To show $p \mid a_0$ : Rearrange so all terms except the last have factor $p$ :

$p(a_n p^{n-1} + a_{n-1}p^{n-2}q + \cdots + a_1 q^{n-1}) = -a_0 q^n$

So $p$ divides $a_0 q^n$ . Since $\gcd(p, q) = 1$ , we have $\gcd(p, q^n) = 1$ , so $p \mid a_0$ .

To show $q \mid a_n$ : Rearrange so all terms except the first have factor $q$ :

$a_n p^n = -q(a_{n-1}p^{n-1} + \cdots + a_0 q^{n-1})$

So $q$ divides $a_n p^n$ . Since $\gcd(p, q) = 1$ , we have $q \mid a_n$ .
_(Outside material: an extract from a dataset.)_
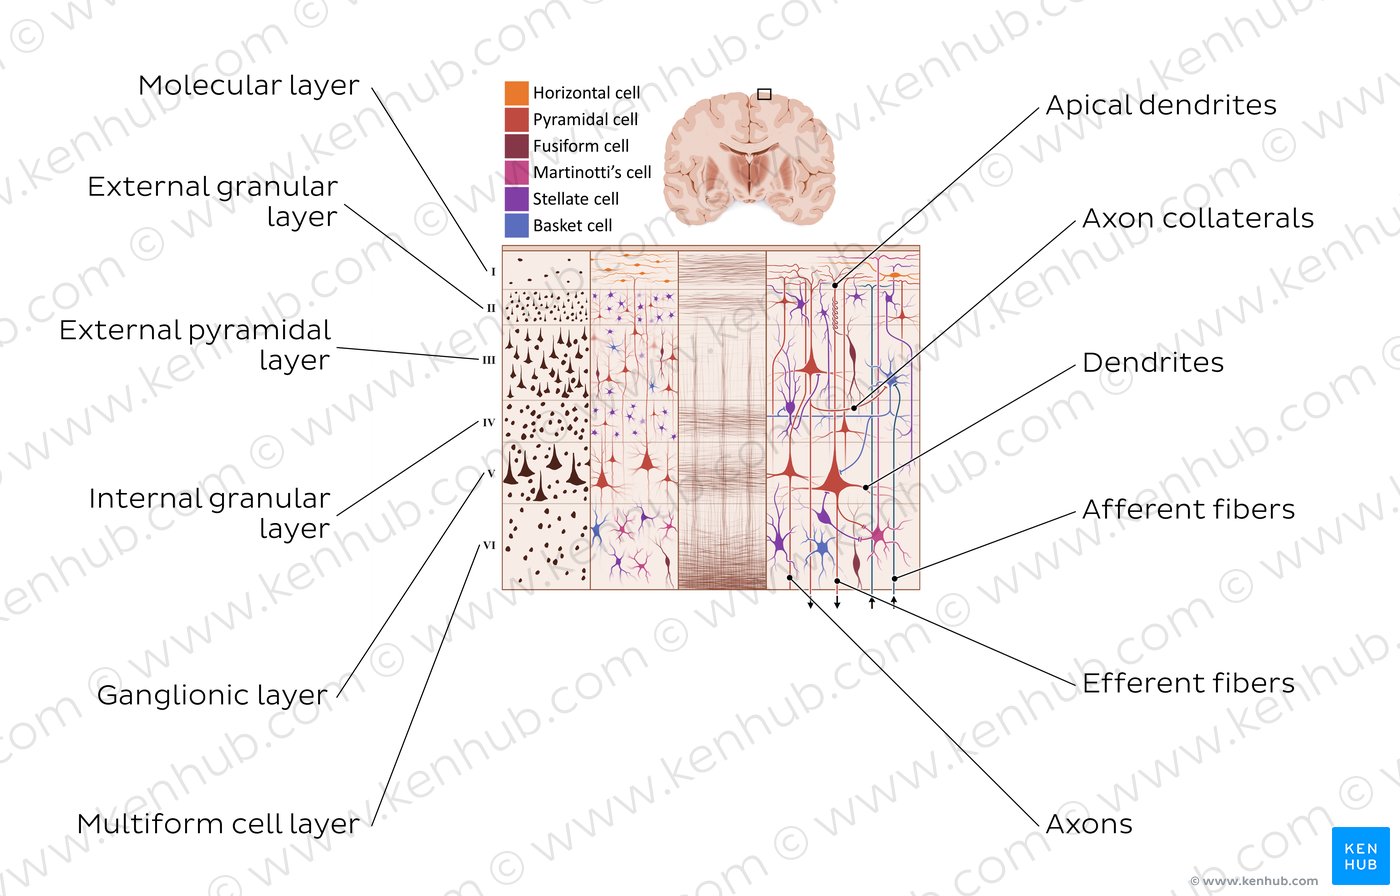 Cerebral cortex I: Overview

This elegant argument relies entirely on the divisibility properties of integers and the assumption that $\frac{p}{q}$ is in lowest terms.

Systematic Application

Step-by-Step Process

List all factors of the constant term $a_0$ (these are the possible $p$ values)
List all factors of the leading coefficient $a_n$ (these are the possible $q$ values)
Form all ratios $\pm\frac{p}{q}$ and reduce to eliminate duplicates
Test candidates using synthetic division (more efficient than direct substitution)
When you find a zero, the synthetic division produces a reduced polynomial of lower degree
Repeat on the reduced polynomial until fully factored

Worked Example 1: Leading Coefficient 1

Find all rational zeros of $f(x) = x^3 - 6x^2 + 11x - 6$ .

Step 1: $a_0 = -6$ , factors: $\pm 1, \pm 2, \pm 3, \pm 6$ .

Step 2: $a_n = 1$ , factors: $\pm 1$ .

Step 3: Candidates: $\pm 1, \pm 2, \pm 3, \pm 6$ .

Step 4: Test $x = 1$ by synthetic division:

$\begin{array}{c|cccc} 1 & 1 & -6 & 11 & -6 \\ & & 1 & -5 & 6 \\ \hline & 1 & -5 & 6 & 0 \end{array}$

Remainder is 0, so $x = 1$ is a zero. The quotient is $x^2 - 5x + 6$ .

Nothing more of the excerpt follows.